La lunga e articolata riflessione di Sacco sul collegamento con il presente, sull’uso diffuso del tempo presente negli haiku, può essere intesa come istanza di veridicità della poesia, di attinenza alla realtà, alla propria realtà, come sosteneva Giorgio Caproni, parafrasando un po’, a proposito di quei testi che non contengono elementi di vero.

Il sottocapitolo sul “non detto”, come la parte dedicata alla rilevanza del labor limae rispetto al processo di creazione poetica, sono pagine generose di consigli che si potrebbero integrare, allontanandosi però dalla cultura giapponese, all’indimenticabile saggio di Gardini sugli stessi temi (Lacuna, Einaudi).

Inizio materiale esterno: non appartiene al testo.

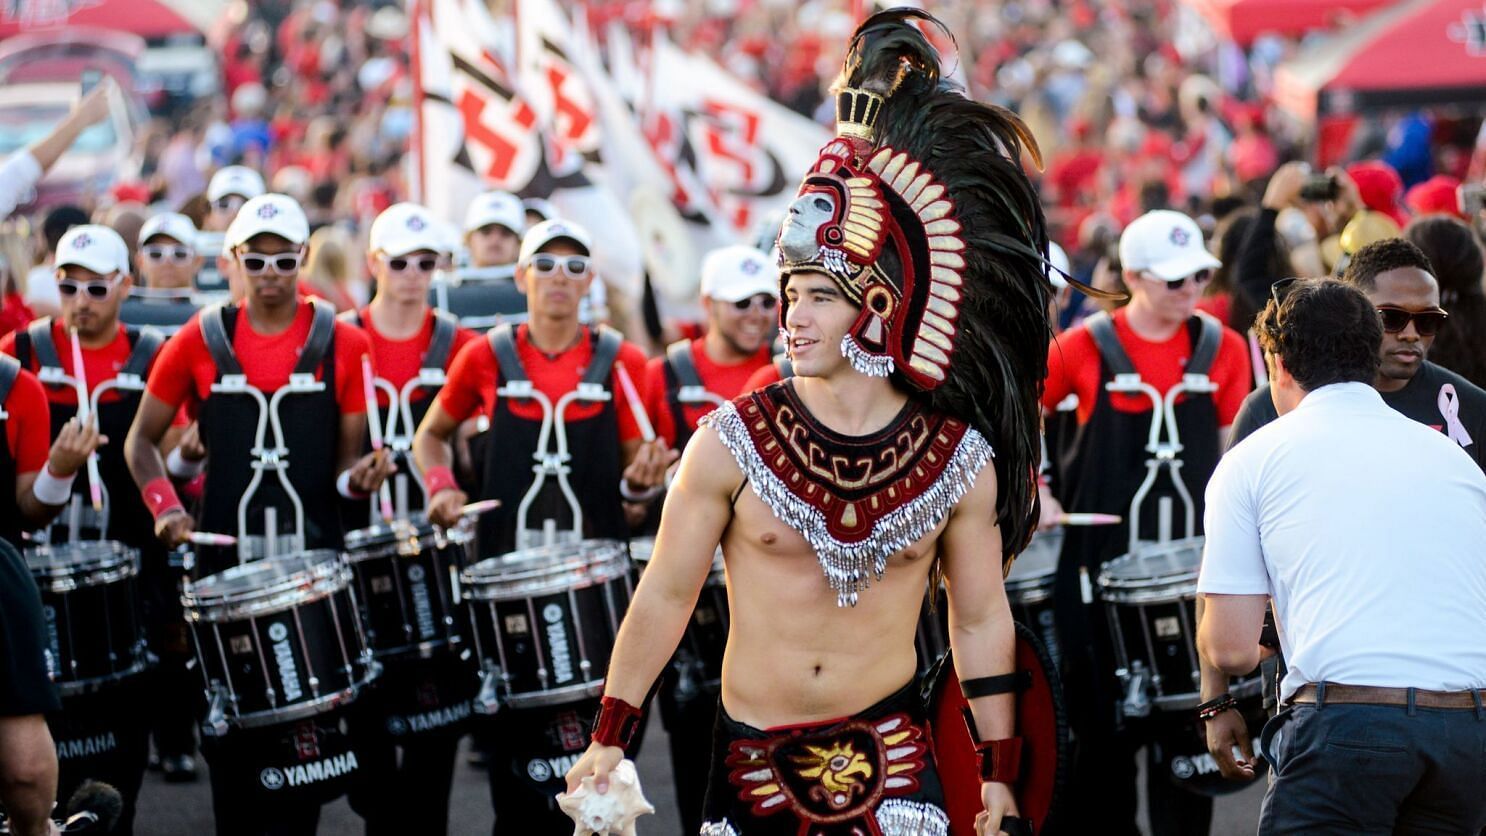 The Aztecs contine to be mentioned in connection to the Big 12

Come ha proverbialmente affermato Wittgenstein, “Tutto ciò che può essere detto si può dire in modo del tutto chiaro; e su ciò di cui non si può parlare si deve tacere”.

Nell’attraversare la differenza tra asse paradigmatico e sintagmatico, Sacco svela importanti nessi linguistici che ineriscono la scelta delle parole e il loro ordine all’interno di un testo, cosa da cui un autore non può prescindere, che gli piaccia o no.

Se il capitolo sui vari canoni estetici che si possono rendere all’interno di queste forme di poesia giapponese consente di entrare nel cuore di una tradizione che può apparire lontana, è in ogni caso utile riflettere sul sentimento che sta alla base della stesura di un testo e che non può non coincidere con il registro linguistico utilizzato.

L’uso della similitudine è sconsigliato negli haiku eppure, nella nostra tradizione, è perfino abusato: ecco che l’impatto delle figure retoriche non solo corrisponde alla koinè di un luogo e di una determinata civiltà ma ne sancisce l’espressività congenita.

Sacco, con questa pubblicazione lineare, esaustiva e scorrevole, ha messo a disposizione uno strumento utile non solo per conoscere la poesia di origine giapponese ma anche per riflettere sul “qui e ora” della poesia italiana in tutte le sue forme, nonché dell’atto autoriale con tutte le sue insidie.